Many small investments, big neighborhood impact...the Lucky Ant way

The capital crunch it's called. Small businesses in search of financing for improvements and investment are being turned away by both traditional and non-traditional lenders. Our story about Pittsburgh's Bar Marco was a case in point. Months of pitching and searching for financing fell flat, and a now successful neighborhood institution almost never was. In many communities, this scenario plays out dozens of times. In the process, small businesses suffer and struggle to meet client expectations, ironically putting them at greater risk for failure.

Recently, financing options have expanded with the additional of crowd-source financing - a way for businesses to raise funds for improvements through an on-line platform that allows the business to make direct appeals to customers and potential investors. Kick-starter is one such program making waves among artists, etc. (We'll cover our friends at Bar Marco and their Kick-Starter project in the forth and final of Bar Marco Small Business Series). Yet for non food-related small businesses, Kick-starter policy precludes them from using the on-line platform.

So what is a retailer to do?? In comes Lucky Ant, an alternative crowd-source financing platform that is committed to serving all kinds of small businesses, filling a gap that Kick-starter has left in its wake. Lucky Ant is a bit different from Kick-starter in that it builds an on-line platform that directs funders to neighborhoods first, businesses second. How it works is simple, Lucky Ant creates a website dedicated to a neighborhood - in their words they "open" a neighborhood - and rotate small businesses and their projects through one week at a time. "Investors" get services or discounts from small businesses in return. What I really like about Lucky Ant is that they building relationships with the communities they serve, and in the process create opportunities for people who feel a special connection to a particular to a place an easy way to give back to the businesses they know and love, making the district better with each small contribution.
Lucky Ant approaches businesses in targeted neighborhoods.
A commercial district managers dream!

An example of a small business in Williamburg, Brooklyn where
Lucky Ant has helped seed investment in a slew of small businesses.
We recently met with Lucky Ant's Jonathan Moyal and Nate Echeverria to talk about their expansion plans. They are now based in New York and have opened two neighborhoods, Williamsburg and the Lower East Side (in coordination with the Lower East Side Business Improvement District). Local businesses are now lining up to join the pipeline in both of these communities - raising funds for things like website upgrades, new facades and signage, and equipment upgrades. Nate, an urban planner by training, inherently understands the value of place based work, and he reached out to us to discuss ways to partner with Commercial District Entities (CDEs) as they look to open new neighborhoods. We were more than happy to oblige!

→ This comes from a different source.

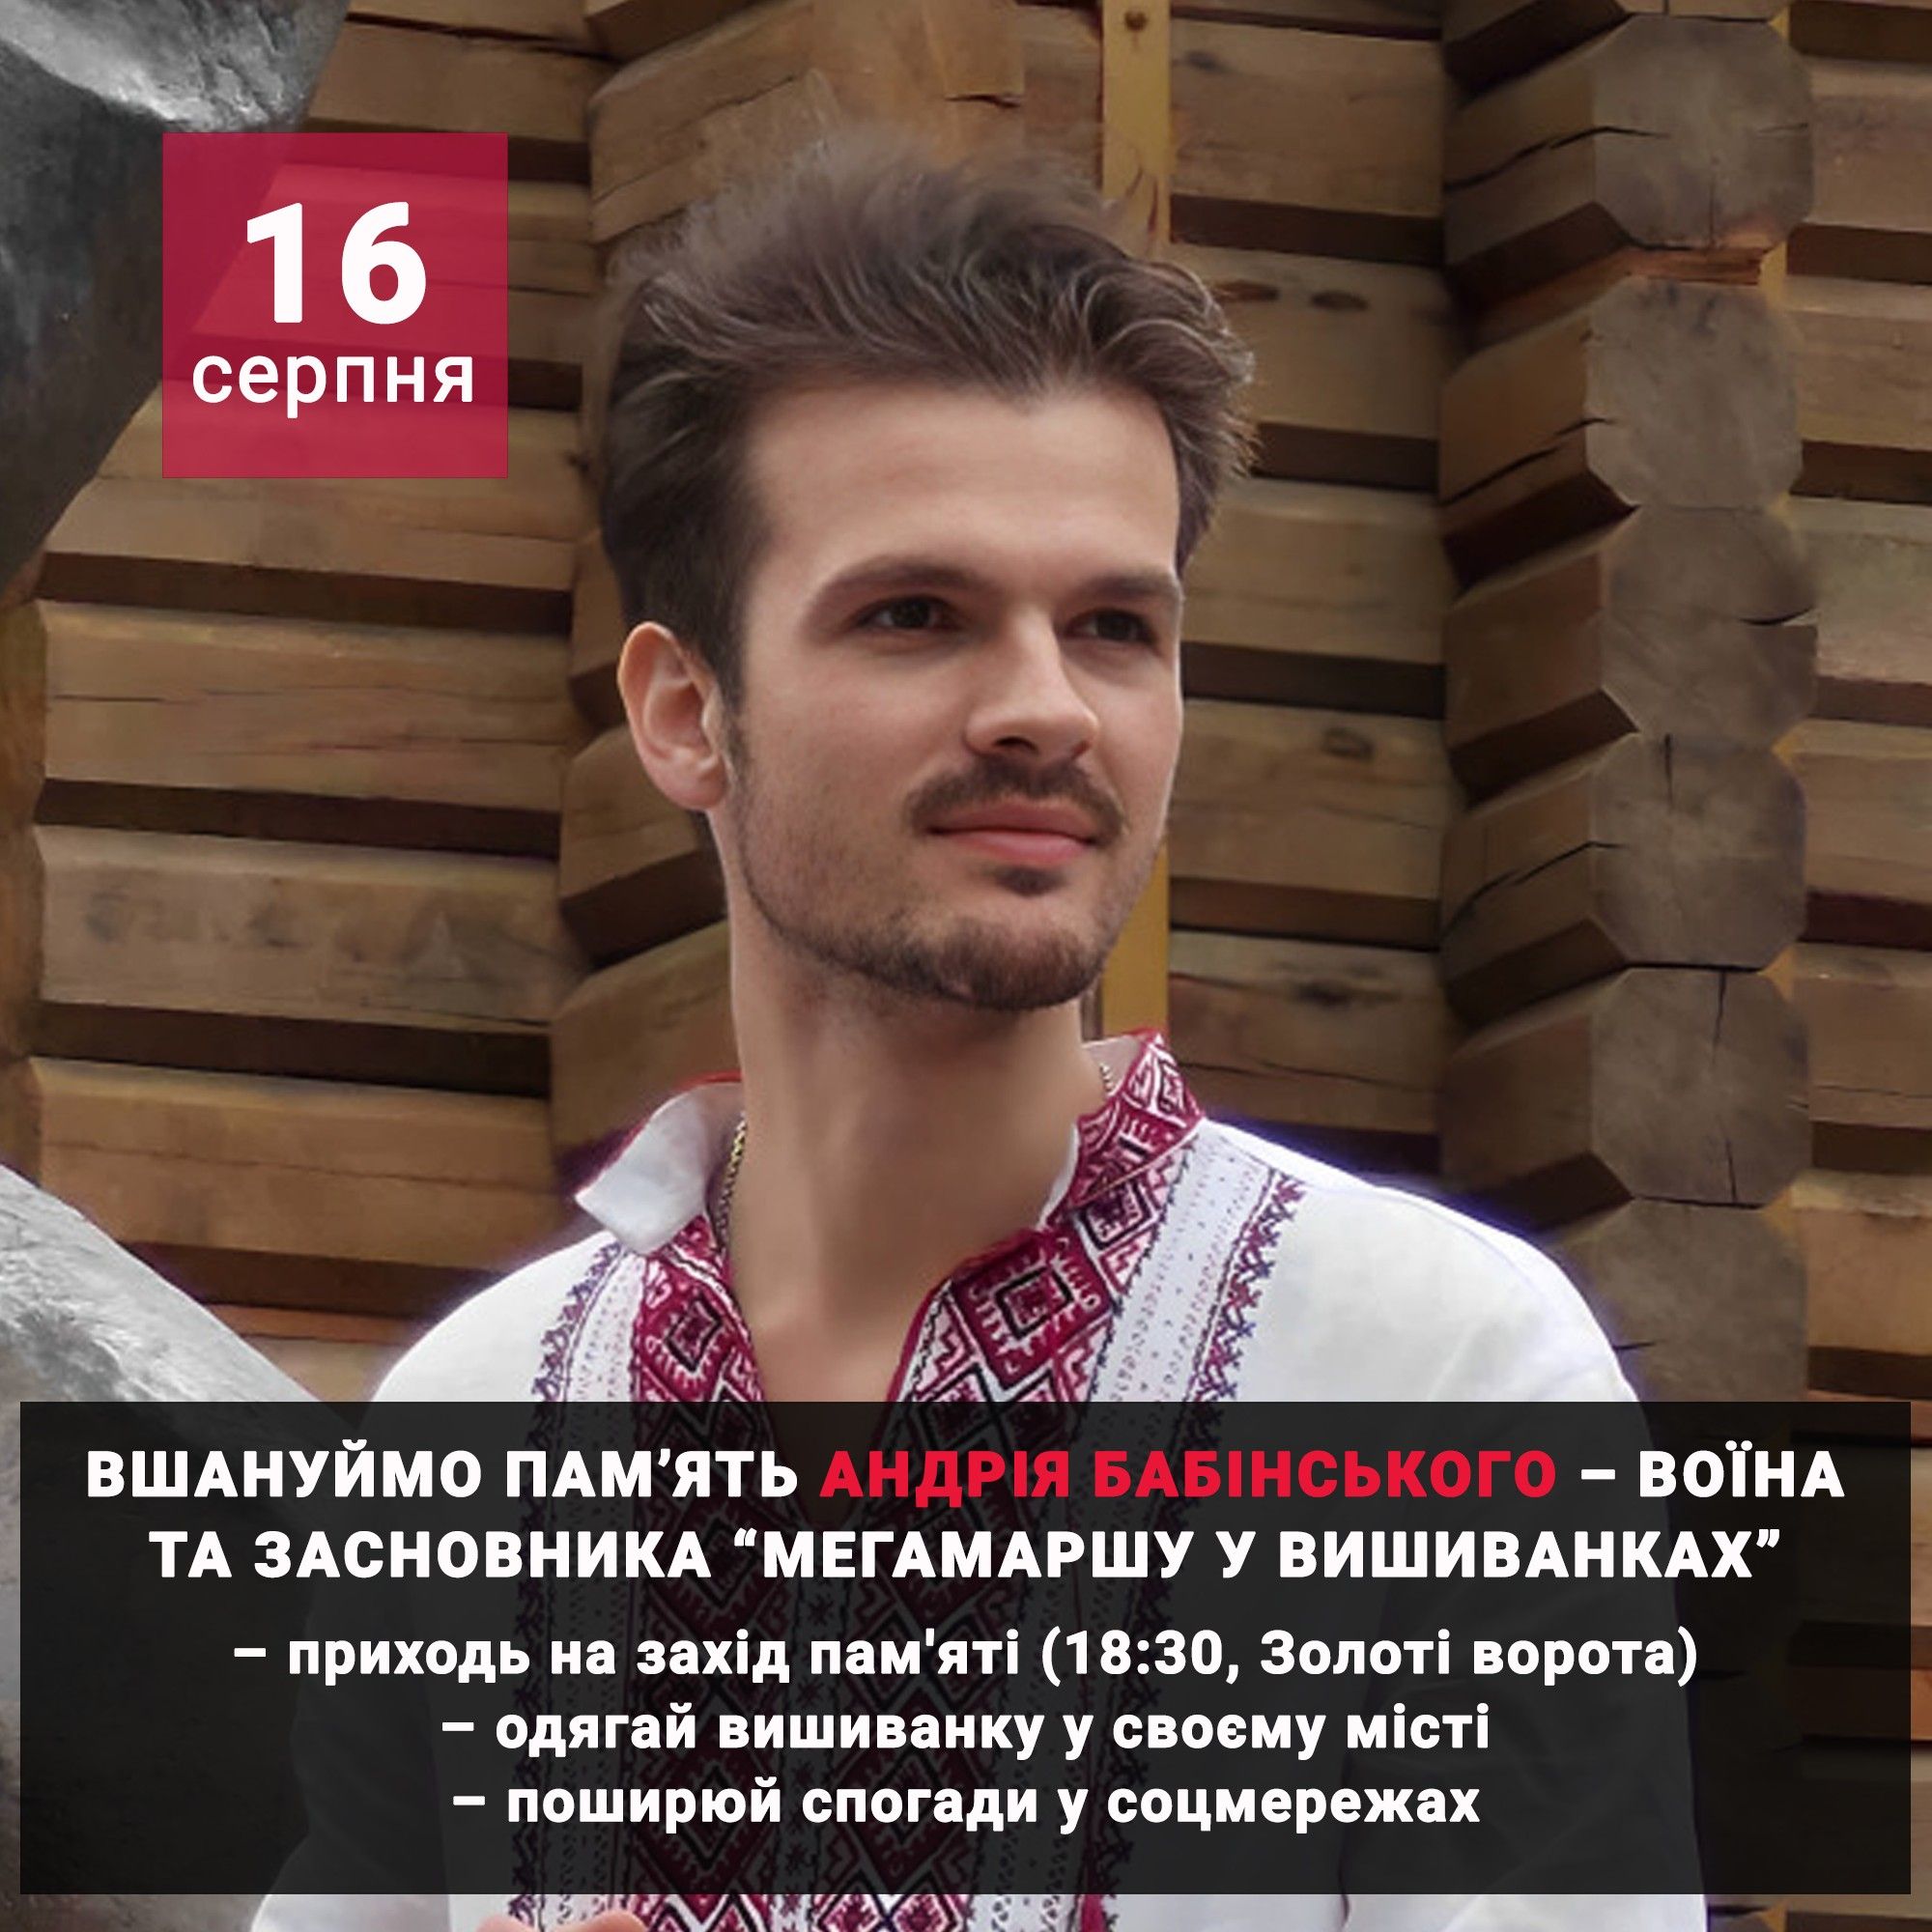 У Києві вшанують воїна та засновника «Мегамаршу у вишиванках» Андрія Бабінського

We think partnerships with CDEs make loads of sense, and are excited to see their idea quickly picking up steam. CDEs are so perfectly positioned to identify businesses that can benefit from this kind of financing, as well as help spread the word among constituents about the service, driving donations and building community at the same time. In follow up conversations with a local BID Directors, he immediately thought of a long-neglected theatre-marquee whose upgrade would make a powerful statement about the district - not to mention help attract more visitors to this important entertainment anchor. This is exactly the kind of idea that Lucky Ant hopes to seed!

Here's a fun video that describes how Lucky Ant works...enjoy!

Lucky Ant - Video

1 comment:

  1. Interesting,
    There is also smallknot, another community crowdfunding source with a loan payback structure.
    I believe these organizations will soon begin to challenge the community banks and microfinance institutions, as the go to lending sources.